You're really full of those cow chips. Liability caps exist because that is how insurance works. I am really wondering if you are old enough to have to have paid for any kind of insurance policy on your own. If you have, you will know that any kind of policy has liability limits.

Now, I am wondering if you know why that is. Probably not, so I will tell you. Aside from the nuclear industry and banking, insurance is probably the most highly regulated industry. They must prove cash reserves of an amount sufficient to cover claims for casualty losses in any kind of reasonable payout scenario. The only way to assure this is to cap liability at some measurable amount. If you write a policy without a liability limit, you'd have to prove infinite cash reserves. Good luck with that.

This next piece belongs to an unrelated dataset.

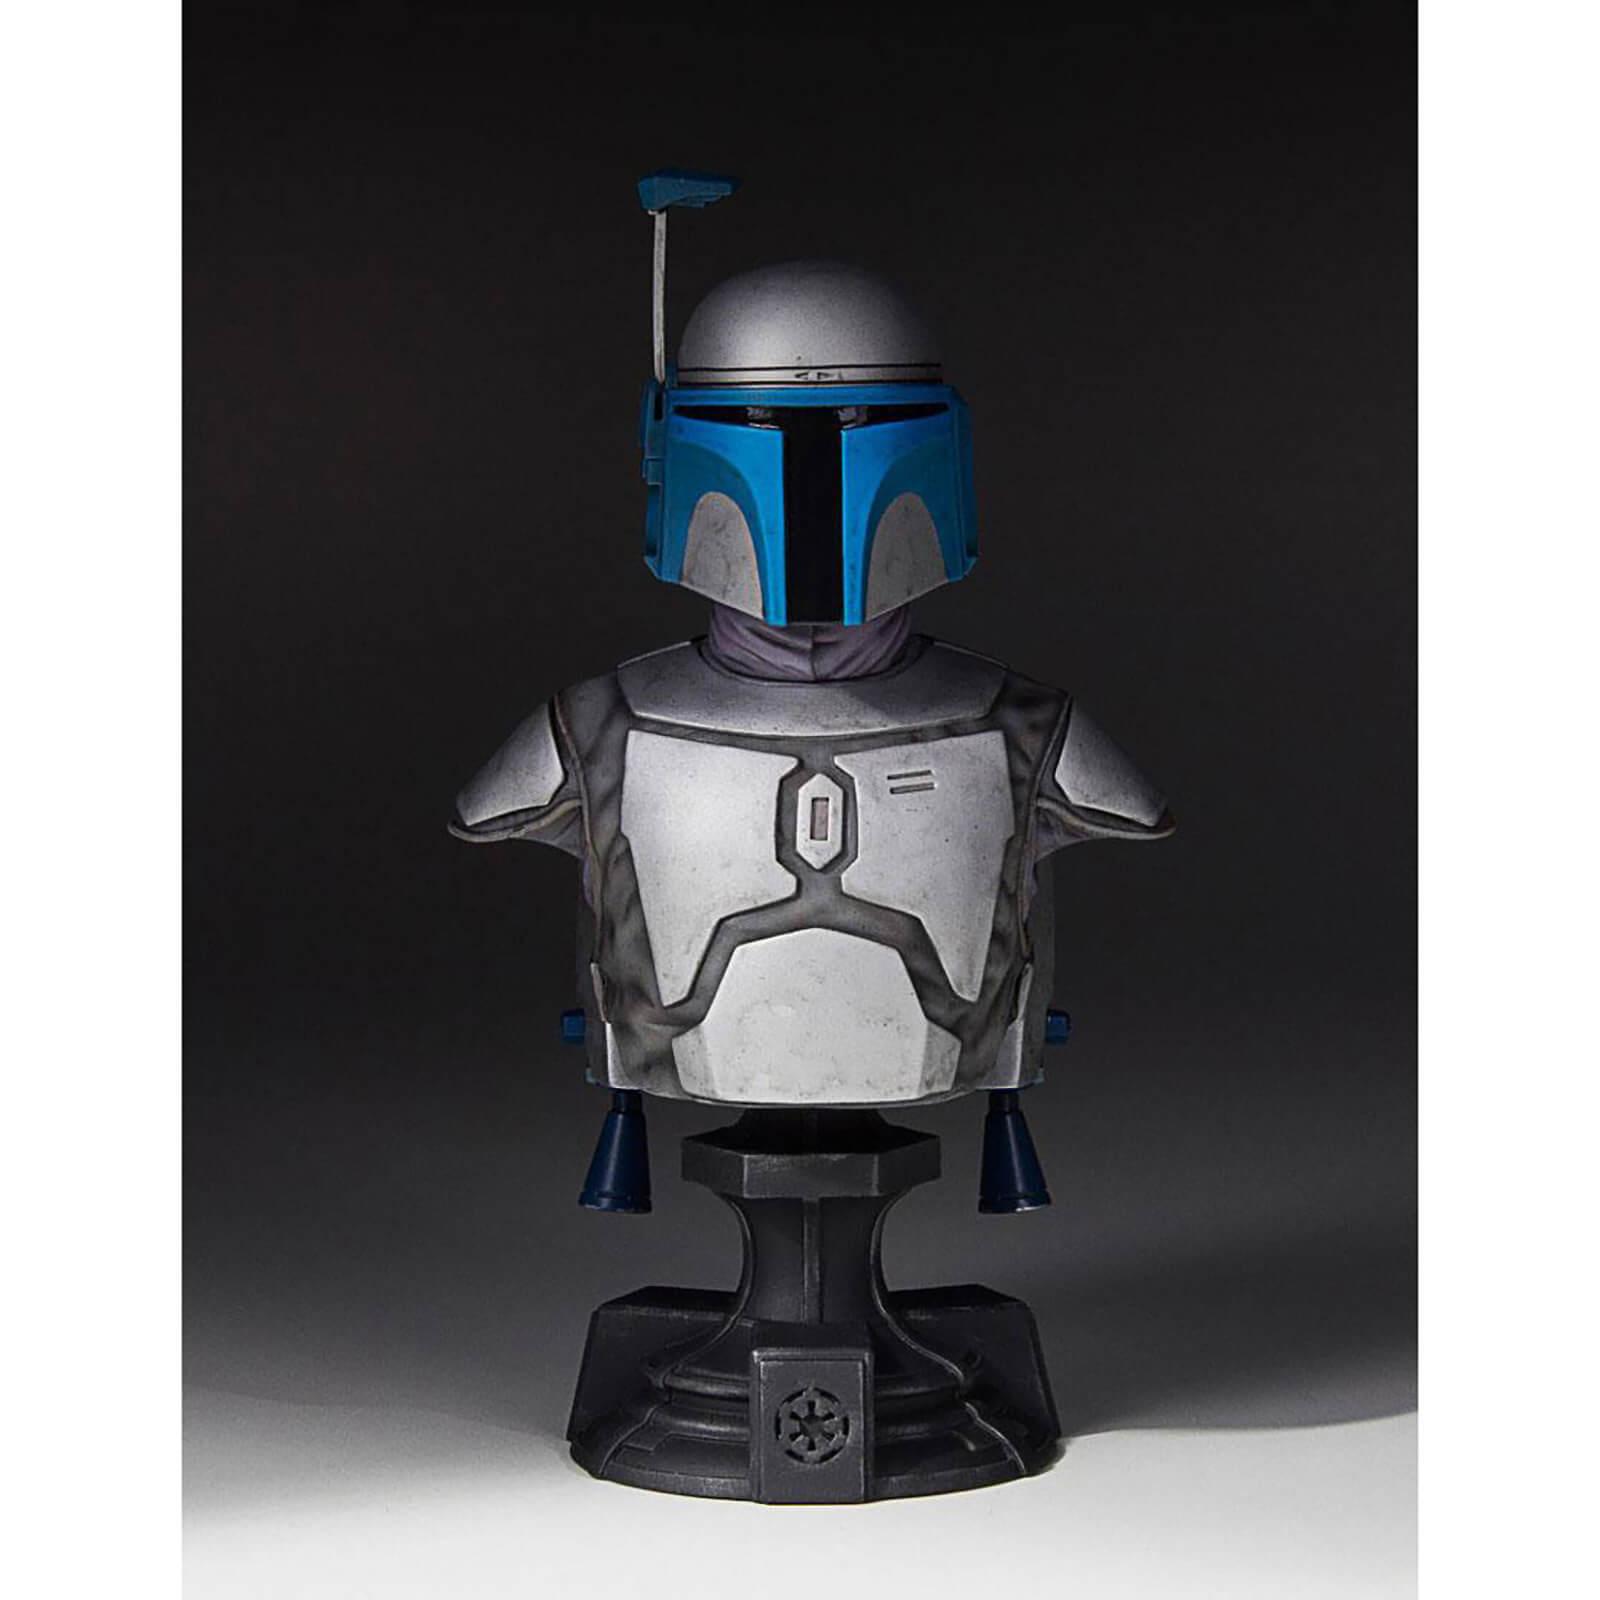 Buste Jango Fett Star Wars - 19 cm

So, what do you do? When the Price-Anderson structure was established, the authors of the Act based their model exactly as insurance liability has always been established. Estimate the probability of a casualty loss occurring and the likely liability payouts from that, build in a conservative margin, and establish the limits, allowing for an estimated total liability exposure for the total number of insured. The liability pool size is adjusted based on updated data, the changes in probabilities of various incidents, and changes in estimated values of insured property. This is exactly how it is done for "ordinary" insurance. My homeowners policy was just adjusted at year-end to allow for changes in the property value, so I pay a few dollars more a year in premium.

For those who aren't aware, P-A caps liability at approximately $9.5 billion -- which is ridiculously low in case of a major accident.

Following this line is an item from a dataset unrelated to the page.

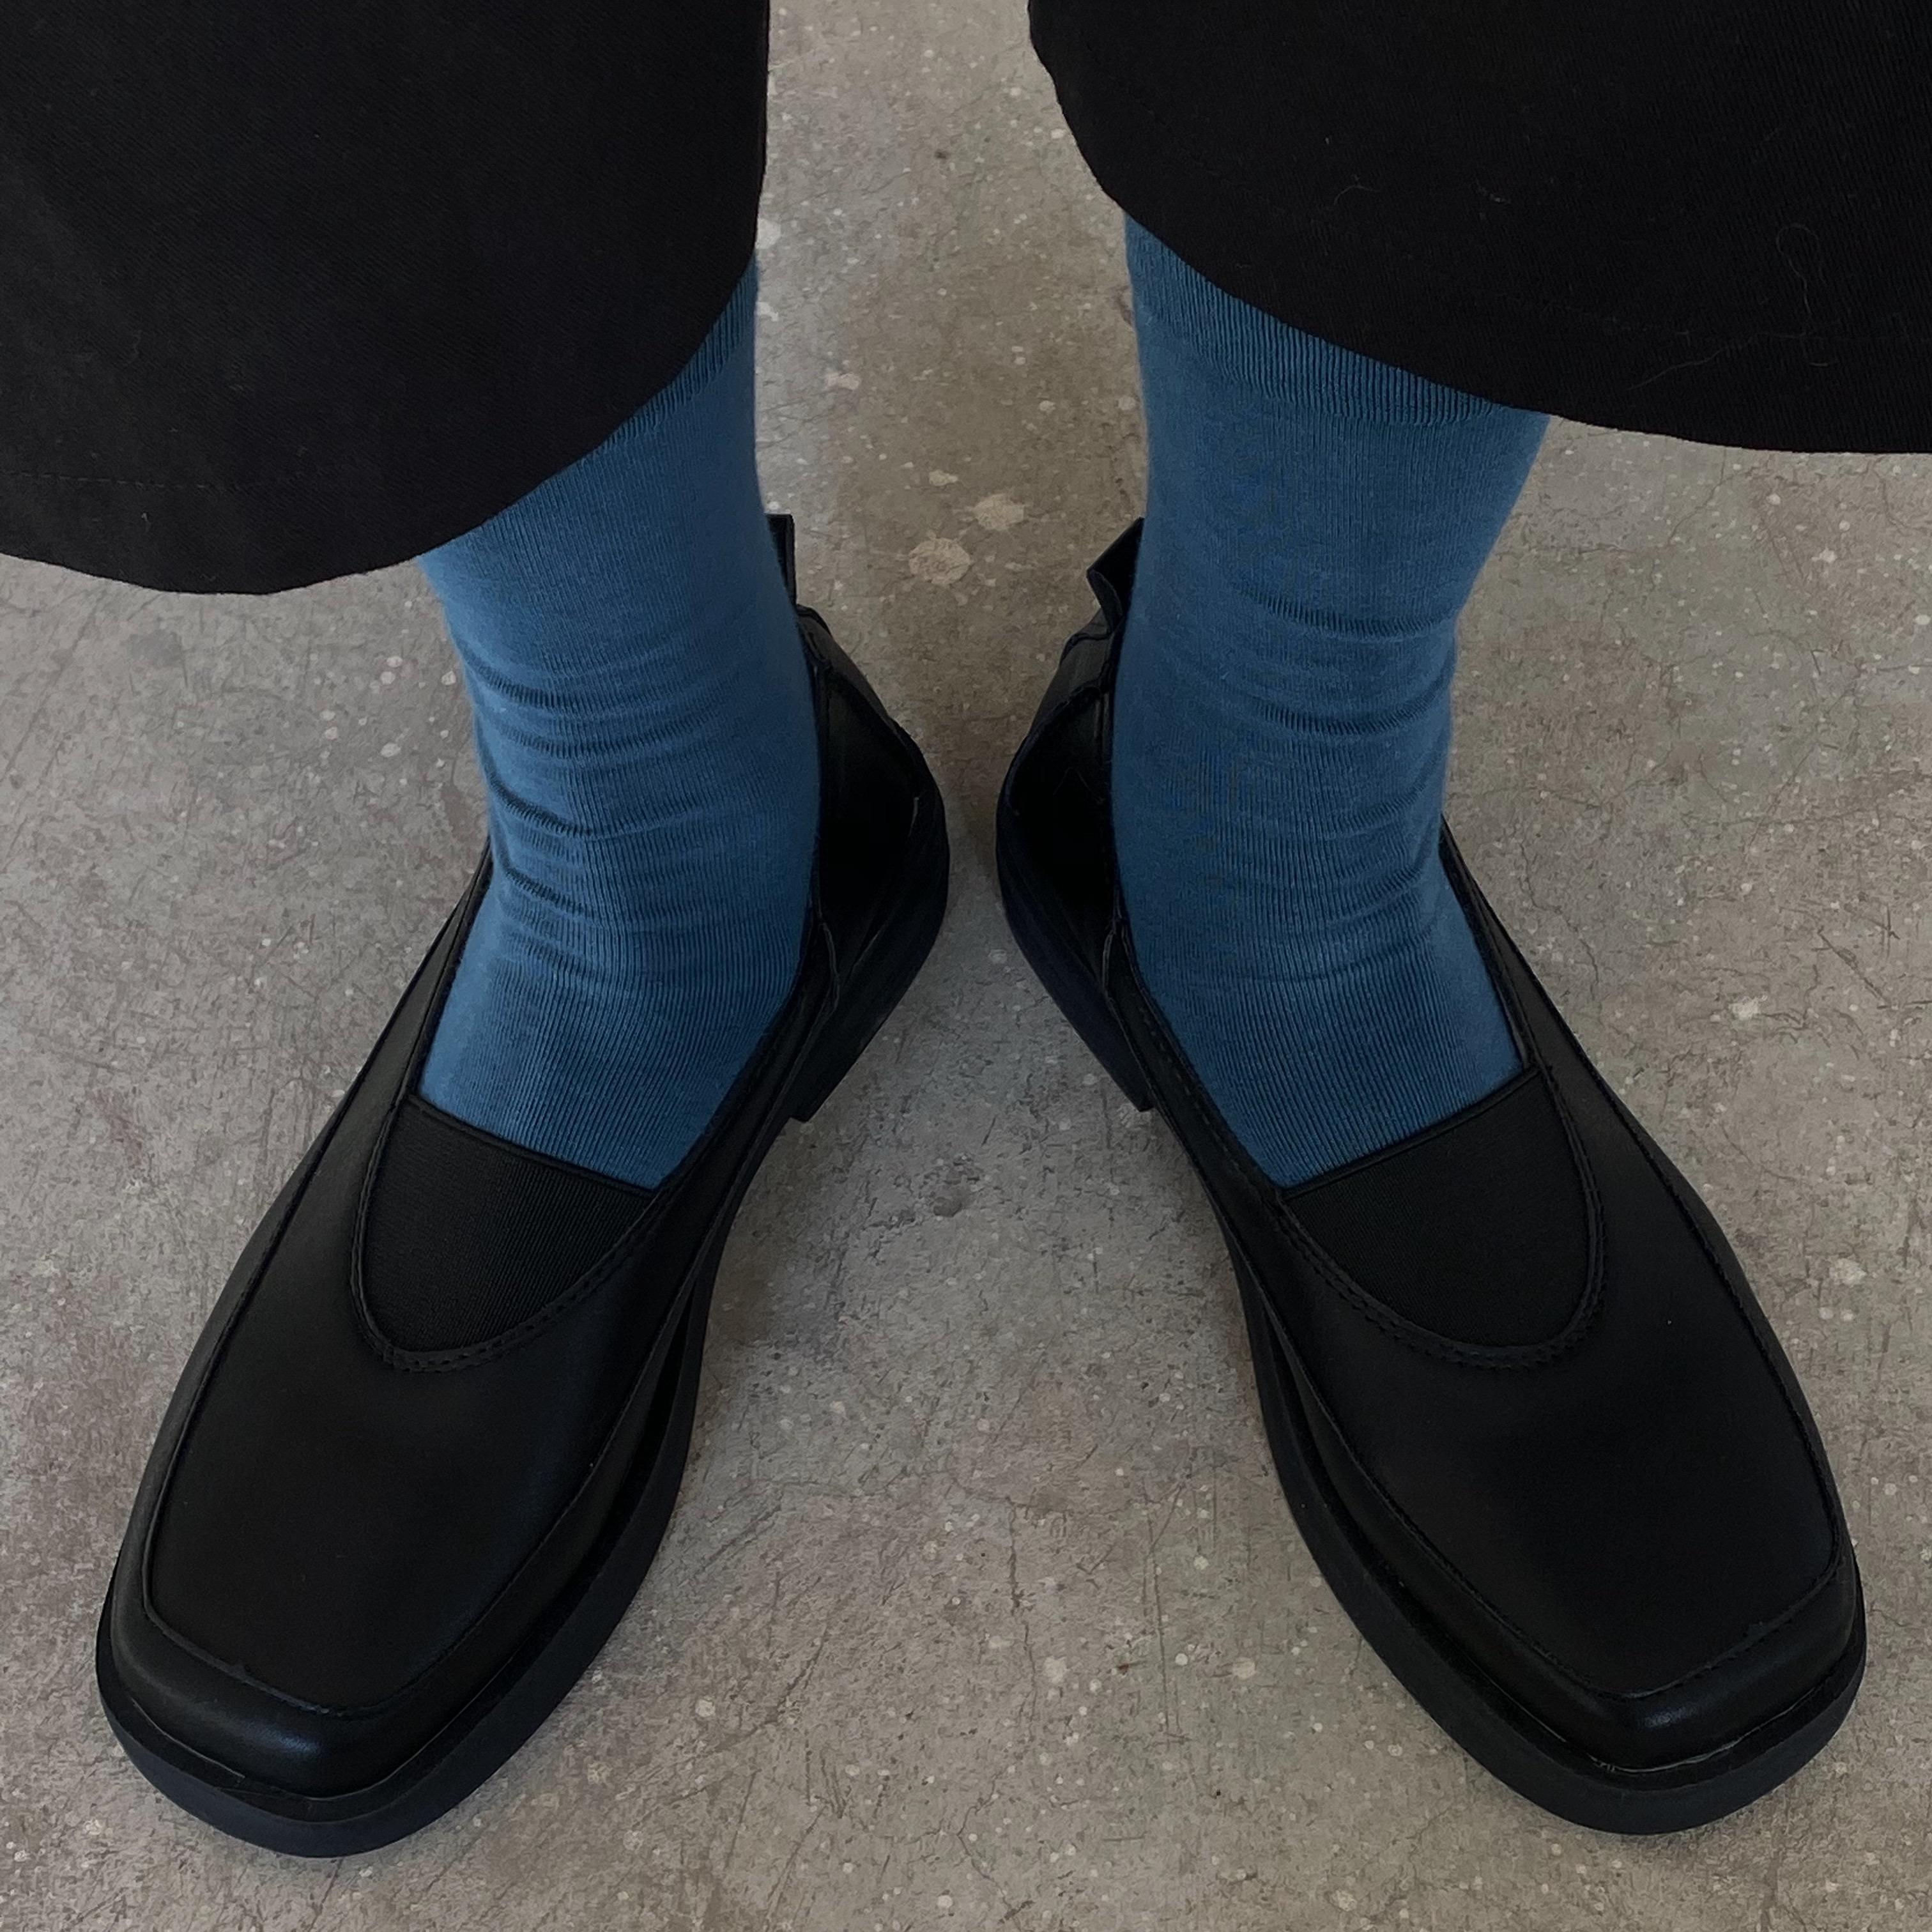 小黄桃韩国ulzzang女鞋潮秋冬复古方口玛丽珍鞋松紧乐福小皮鞋图片

Horse chips. Do what I have done. First, start with the typical inventory of fuel in an LWR core. Then, estimate the fission product inventory based on equilibrium core burnup. Then, postulate the maximum credible accident, something like a twin-break LOCA and rapid blowdown and core uncovering. Next, based on reasonable heat transfer models, estimate total release into containment. Then, taking reasonable credit for radionuclide removal by decay, plate-out and wash-out, settling, and filtration, estimate the effluent release. This defines the source term. Next, apply a reasonable dispersion model, which will have in its kernel a decent meteorological model, as well as pathway models for radionuclide transport. Finally, apply this to the likely long-term property losses within the EPZ. You'll find that the liability limits for even the worst-case (facilities with relatively dense developments within their EPZ), are more than adequate.

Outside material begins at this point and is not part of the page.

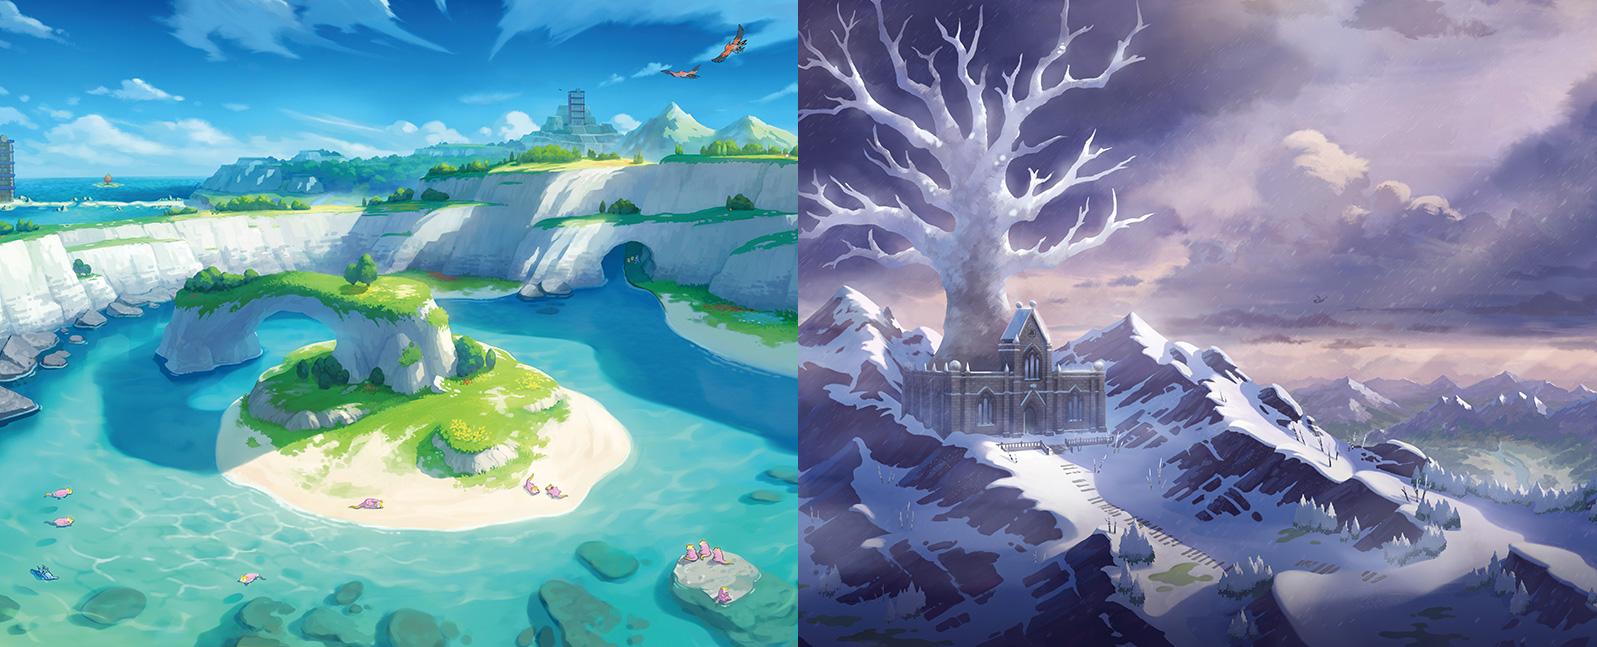 Erweiterungspass: »Die Insel der Rüstung« & »Die Schneelande der Krone«

I agree that such an accident is extremely unlikely -- but given that this is true, then the premiums for the necessary coverage would be equally low. P-A was enacted in the 1950s, as a subsidy for an experimental, uncertain technology. That technology is no longer uncertainty; it is mature and fully integrated into the market. There is no longer any possible justification for a government handout like P-A -- especially in an industry (electricity generation) that generally enjoys a guaranteed profit margin.

Sigh. One more time. P-A is not a government handout. Participants pay their way. In fact, it is one of those rare government programs (aside from confiscatory taxation) that actually makes money for the government. That, IMO, is probably the reason they want to keep it.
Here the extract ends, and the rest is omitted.